Ramp up on savings when your financial situation improves

When you get into the habit of consistently saving your money for your rainy day fund, ensure that you take stock of how much money you have and how much money you save. This way, when your financial situation improves by way of a salary increase, a new job that pays more, or a yearly bonus on your salary, make every effort to add more money to your emergency savings fund. Be aggressive about your emergency savings.

If you haven’t already created a rainy day fund, consider doing so as soon as possible. Your future self will thank you for it.
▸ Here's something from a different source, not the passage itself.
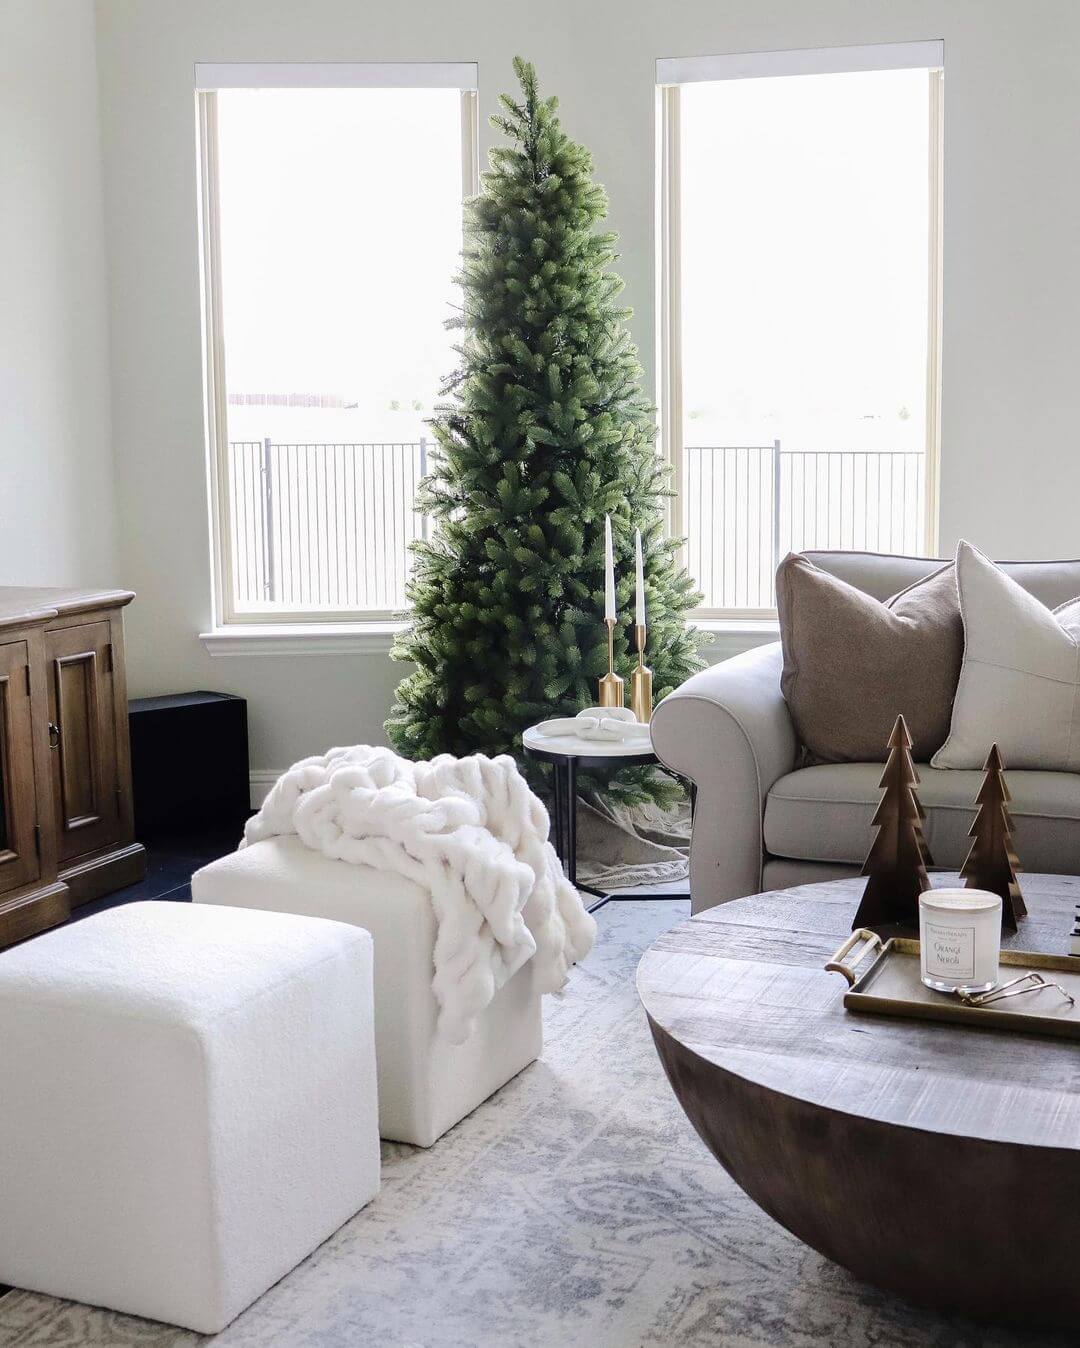 King of Christmas 7.5' Royal Fir Slim Quick-Shape Artificial Christmas Tree with 650 Warm White & Multi-Color LED Lights

Create it, set your plan on how often you’ll add and how much you’ll add. Stick to the plan and follow your rules and stay within the pararmeters.

Garvin Grandison has worked in the finance and economics sector for over ten years. He holds a BSc in Banking and Finance and an MSc in Corporate Finance from the University of the West Indies. He currently works in the banking sector where he has gained valuable insights into the financial industry and its regulatory landscape. He also serves as the district treasurer for the volunteer and community-focused organisation, Optimist International Caribbean District (OICD), a role that allows him to contribute to the OICD’s positive impact on communities.

‘Money Management Tips’ is a weekly feature highlighting general tips for managing your finances. Each week will see a feature on the ways you can strengthen your relationship with money and may feature other personalities in the Jamaican financial world.

This weekly feature does not serve as a standard money management tool. Consult with your financial advisor for specified money management guidance as it pertains to your finances.